Copy exactly the lines starting at the one that contains "apple cider vinegar to lighten hair" and running through the end of the material below. Exclude any pictures.

[COLLECTED DATA Boundary: Start]

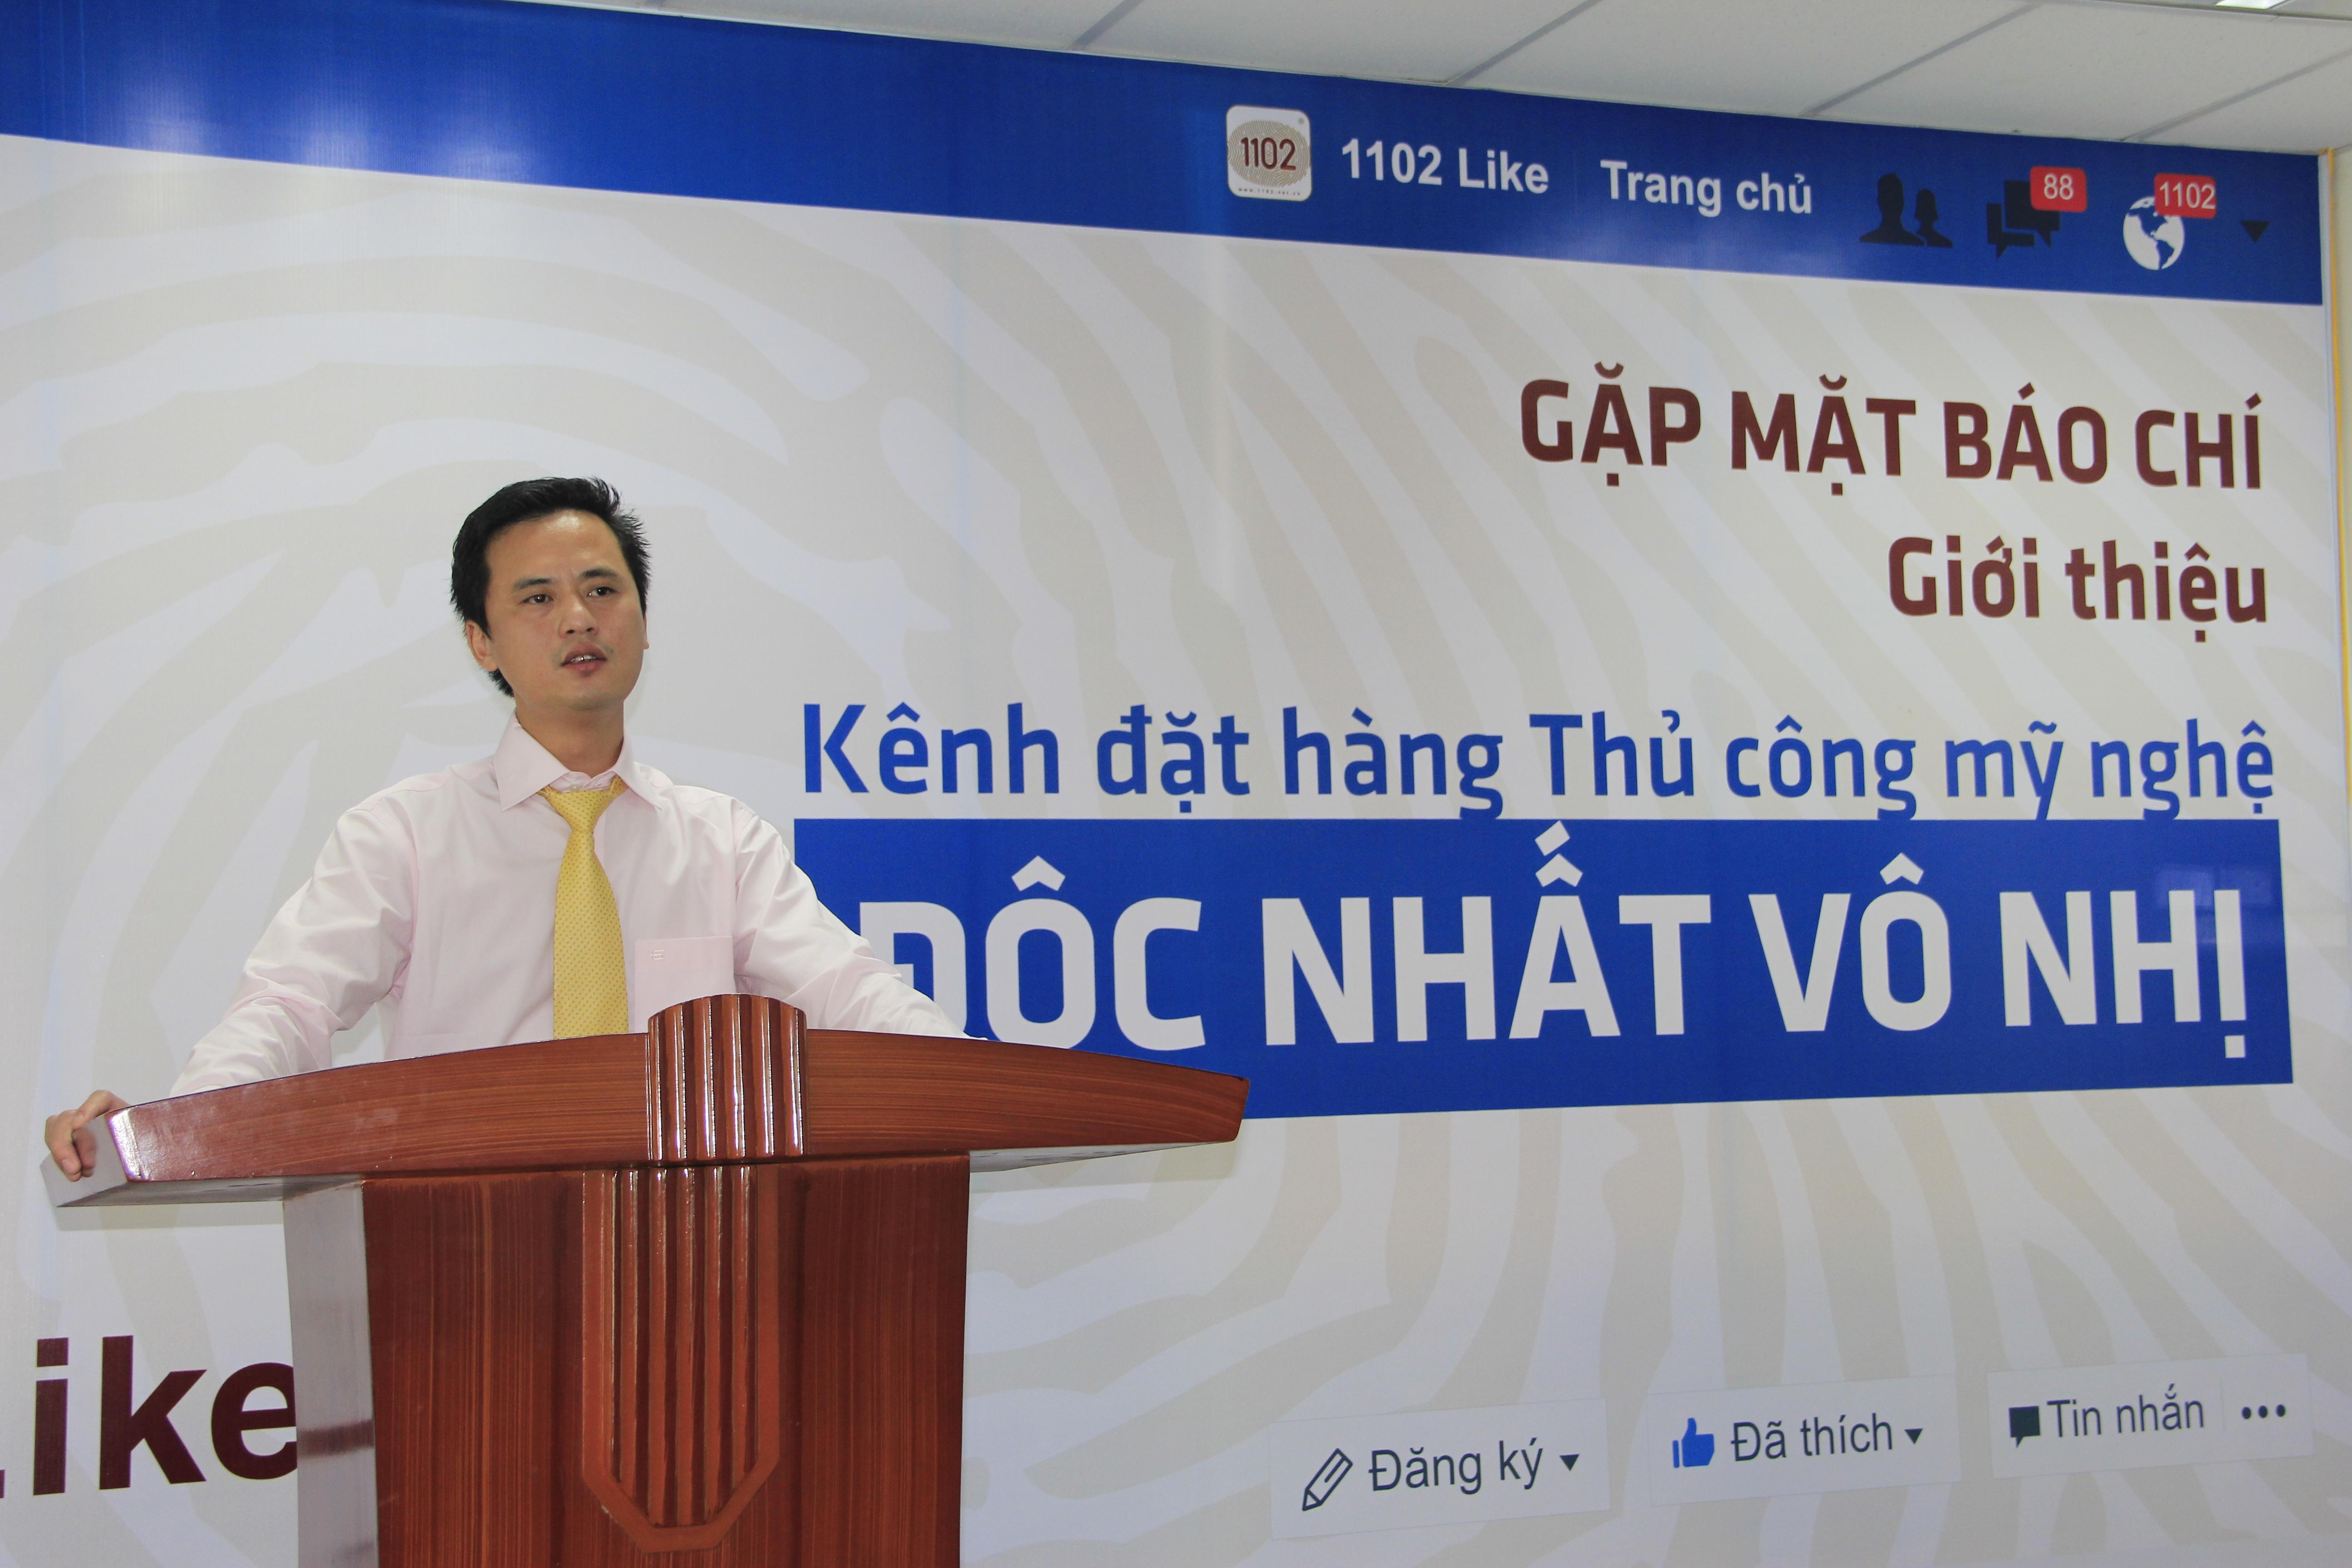 Số hóa làng nghề Thủ Công Mỹ Nghệ Việt Nam 1
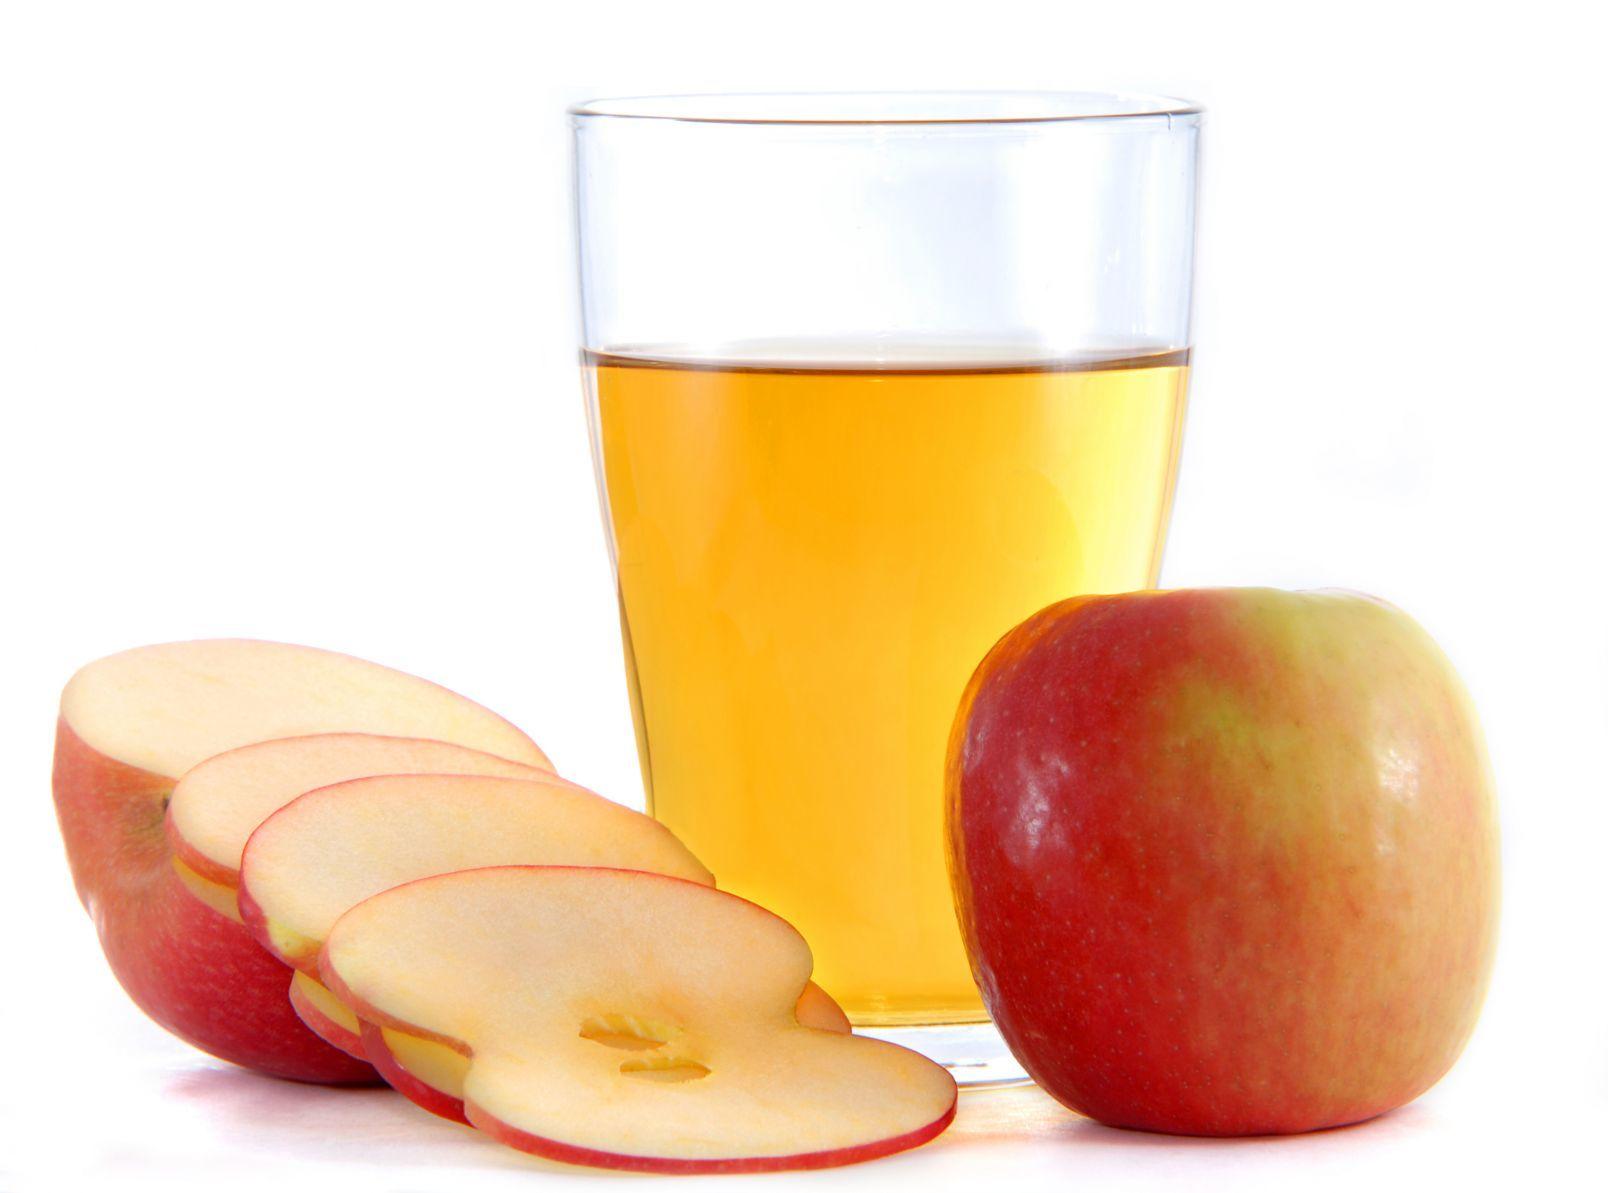 apple cider vinegar to lighten hair
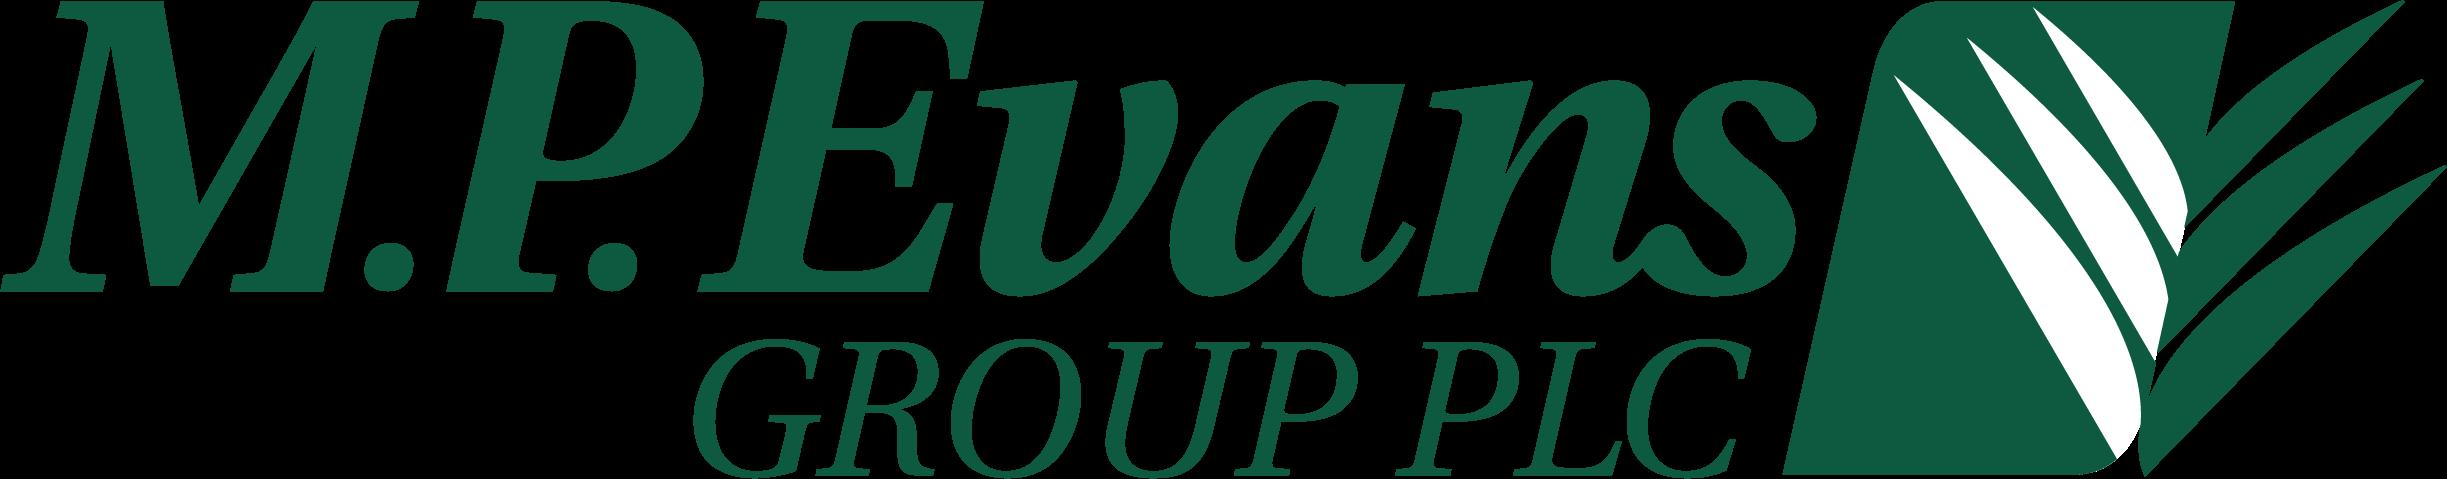 M.P. EVANS GROUP PLC Logo

[COLLECTED DATA Boundary: End]

▶ SOLUTION TO THIS EXERCISE:
 apple cider vinegar to lighten hair
 M.P. EVANS GROUP PLC Logo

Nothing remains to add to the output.